Data provided:

BEGIN

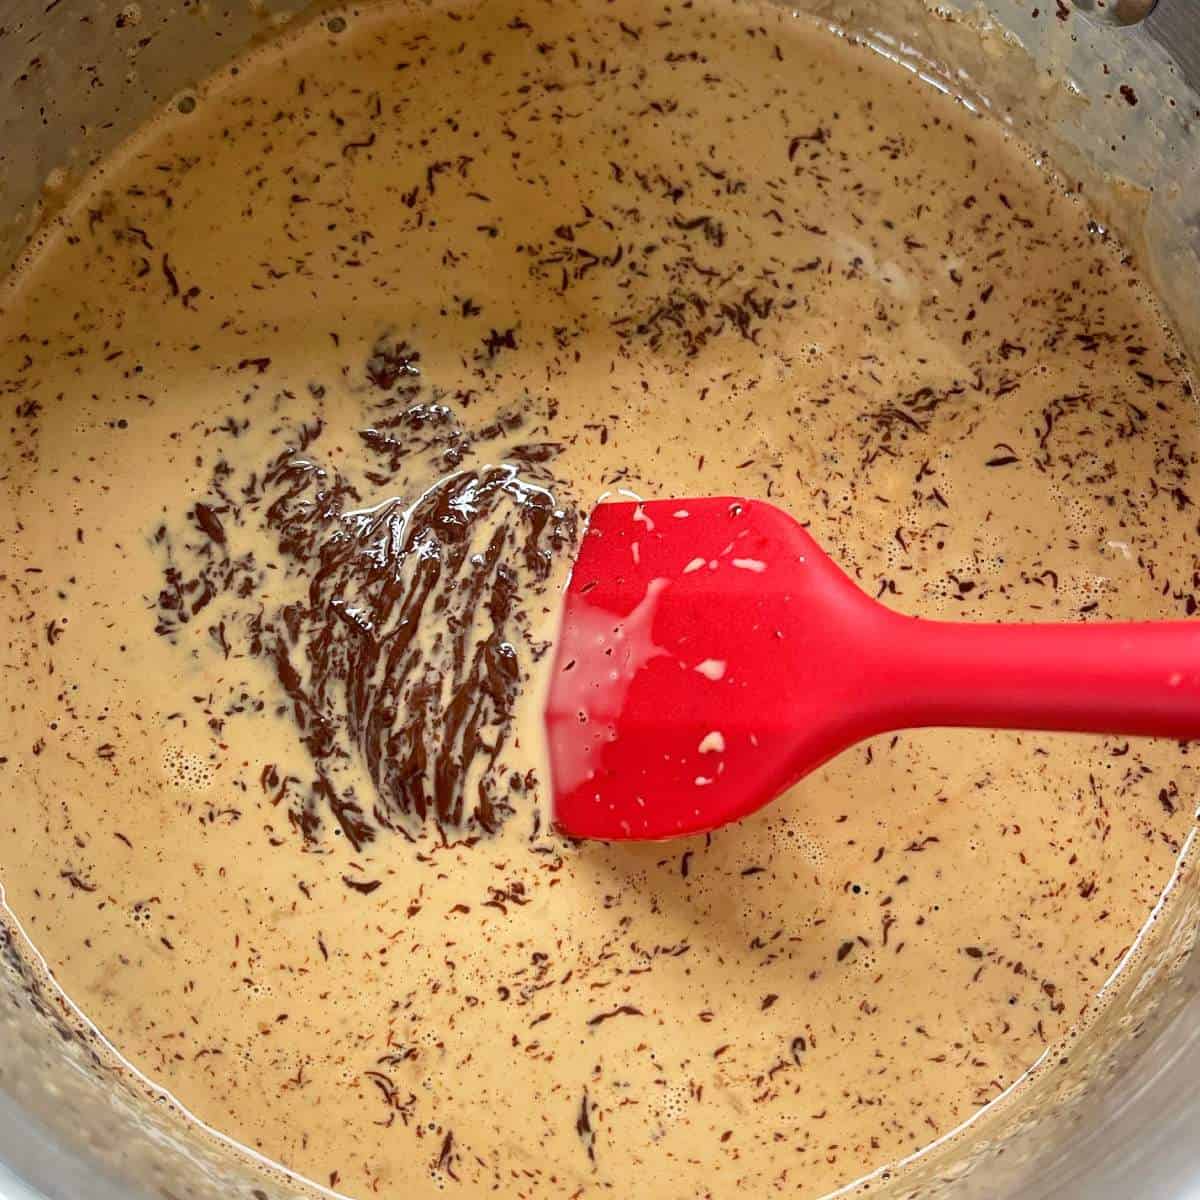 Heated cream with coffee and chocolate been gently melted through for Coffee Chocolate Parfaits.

END
BEGIN

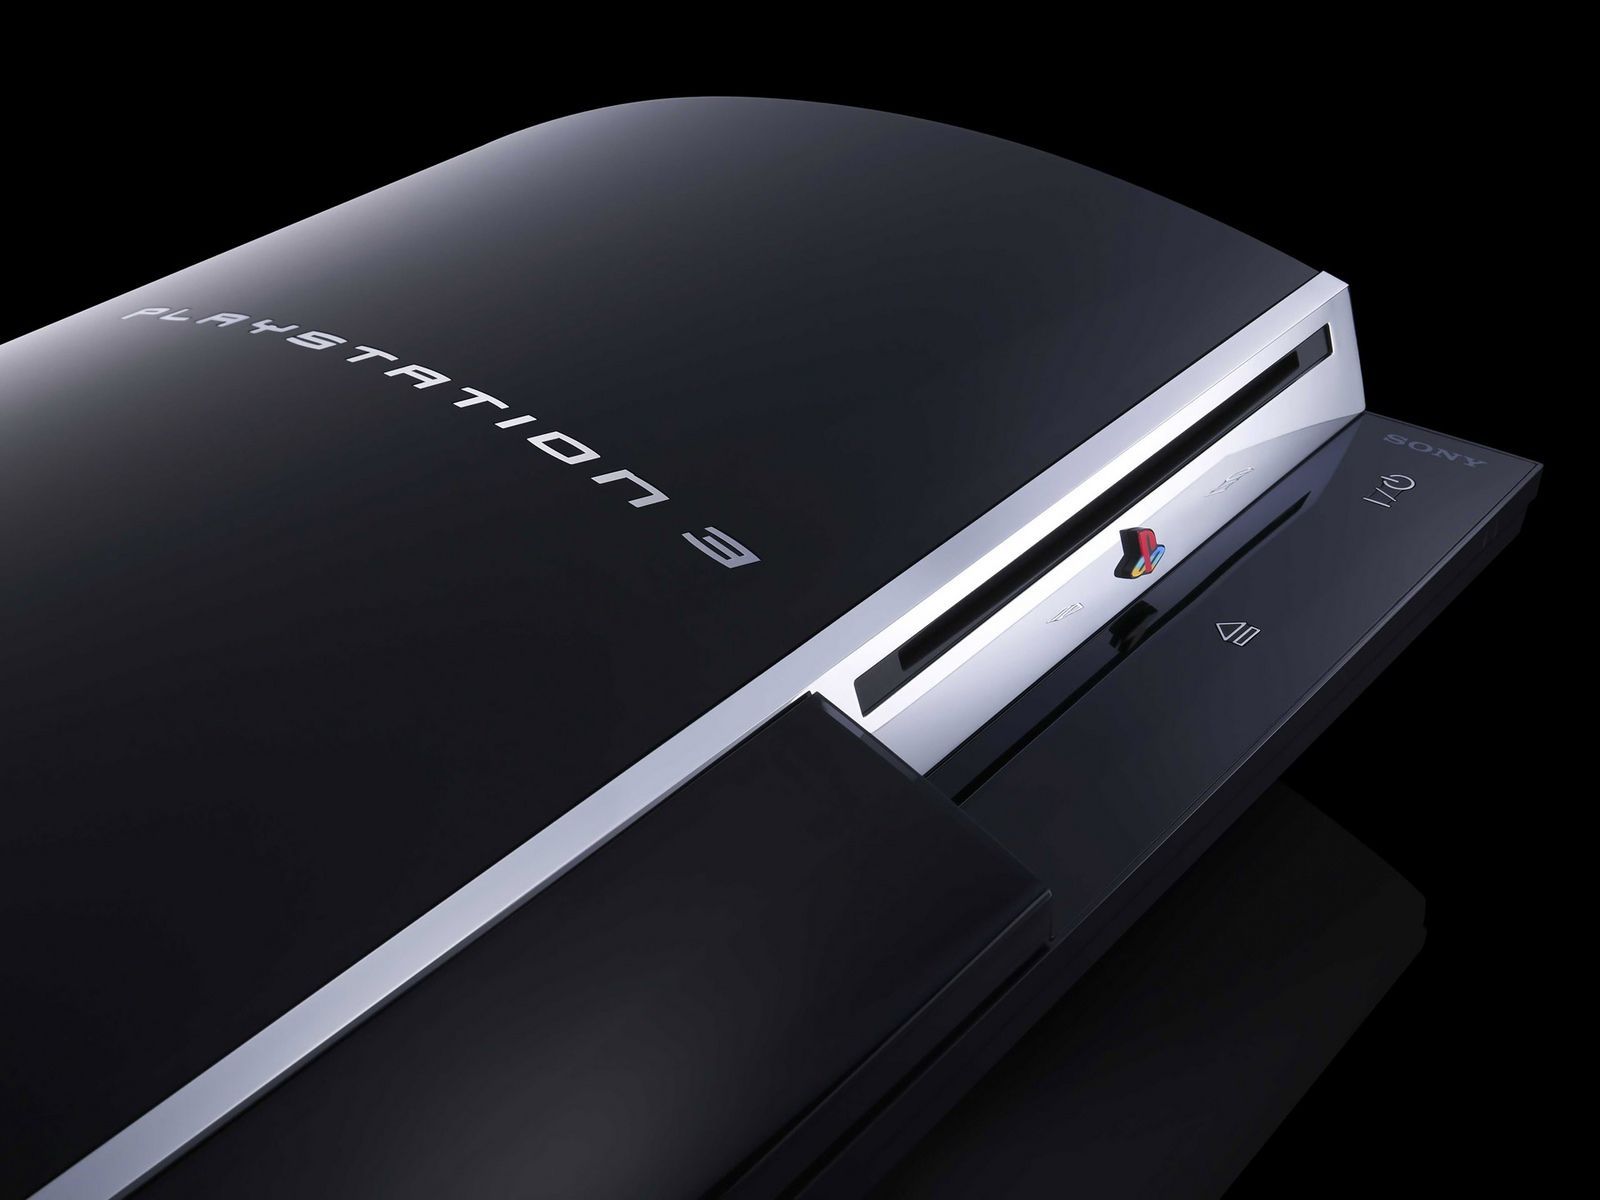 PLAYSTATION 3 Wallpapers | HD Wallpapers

END
BEGIN

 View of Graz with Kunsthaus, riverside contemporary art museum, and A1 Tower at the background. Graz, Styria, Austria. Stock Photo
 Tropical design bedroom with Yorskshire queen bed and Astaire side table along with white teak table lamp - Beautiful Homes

END

Task objective: Only the lines above from the one with "View of Graz" up to and including the one with "Tropical design bedroom" should be repeated, exactly as written.

Response area:
 View of Graz with Kunsthaus, riverside contemporary art museum, and A1 Tower at the background. Graz, Styria, Austria. Stock Photo
 Tropical design bedroom with Yorskshire queen bed and Astaire side table along with white teak table lamp - Beautiful Homes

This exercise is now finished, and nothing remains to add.